# CCR2500 starter not engaging



## Stanyon (Sep 20, 2020)

I have a Toro CCR2500 with electric start, and the starter is not engaging the starter ring. I have removed the starter and all is good there, gears are in great shape and the starter gear spins out to the end freely. Is their an adjustment that would push the starter gear towards the starter ring ? Model No. 38424, serial no. 8901714


----------



## JLawrence08648 (Jan 15, 2017)

No adjustment.
One of several, dirt in the starter drive, lack of lubrication - do not use oil, there's a silicon spray when dried turns to wax, but most likely the spring is tired. You can bring to a auto starter generator shop, cost would be $75.


----------



## paulm12 (May 22, 2015)

I agree with JLawrence. I have never seen adjustment on those. I clean the starter bendix shaft well, and lubricate the silicon spray lightly.

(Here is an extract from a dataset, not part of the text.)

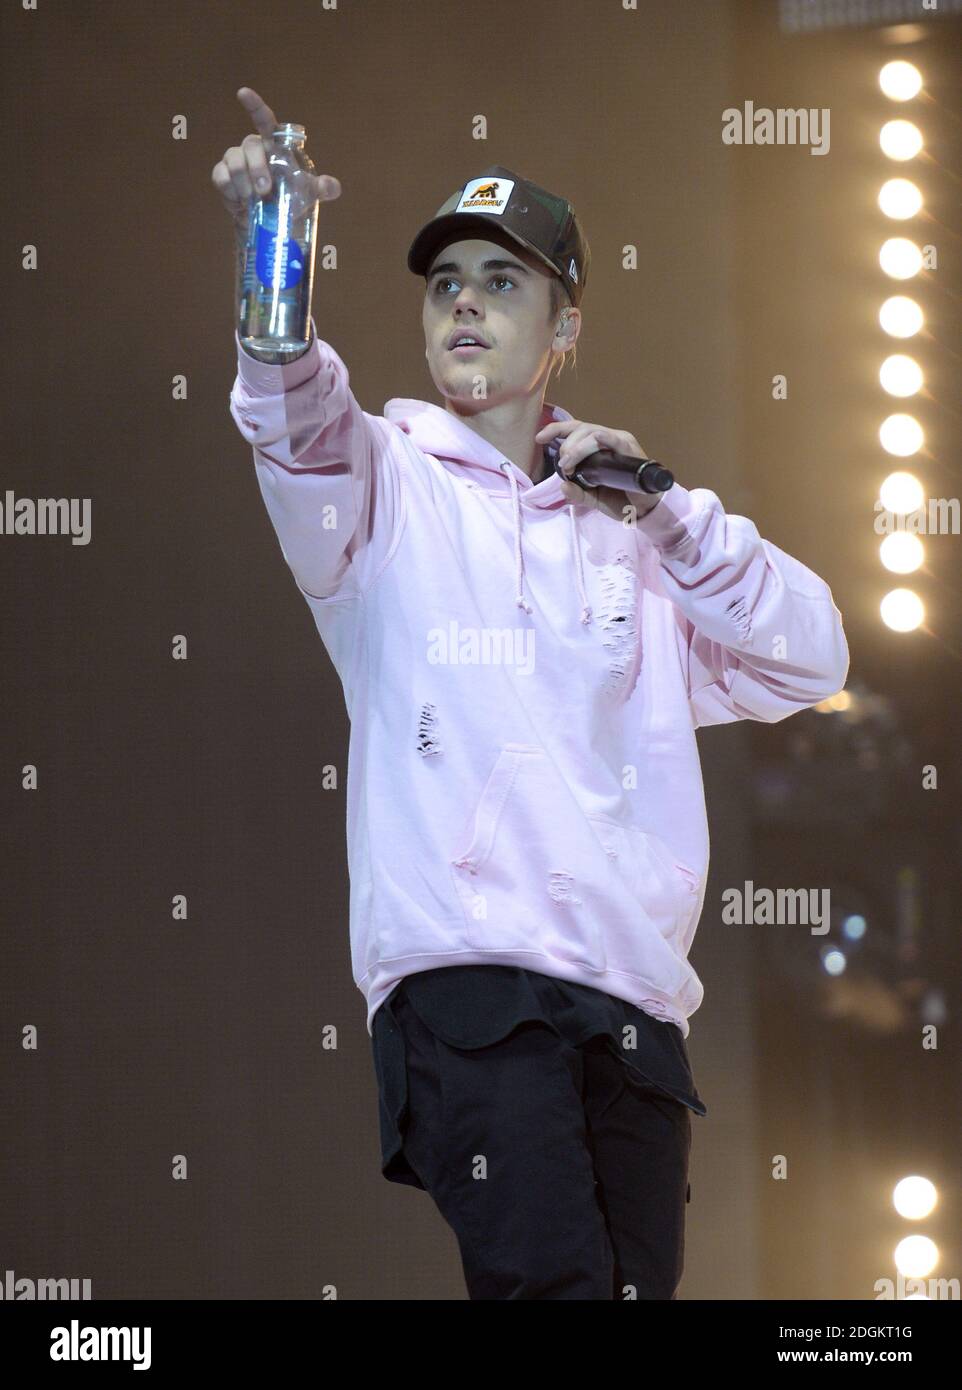 Justin Bieber actúa en el escenario durante la Capital FM Jingle Bell Ball 2015 celebrada en el O2 Arena, Londres. El crédito de la foto debe decir: Doug Peters EMPICS Entertainment Foto de stock

Then test it off of the machine and make sure it works every time. 

tx


----------



## crazzywolfie (Jun 2, 2014)

if you want to make sure it is working properly pull the shroud and see what is going on. i would agree with the others that it is likely sticking on its way out and not fully extending to where it needs to be to turn the engine. even some wd40 should help free it up but a silicone spay would likely work better.


----------



## Stanyon (Sep 20, 2020)

Thanks for the thoughts, tonight I will pull the shroud off so I can see what is actually happening.


----------



## Stanyon (Sep 20, 2020)

The bendix gear ( Nylon ) Is stripped inside so I need a new drive gear, It seems that at $48.00 you should be getting a compete new starter, oh well we keep sending our money to China.


----------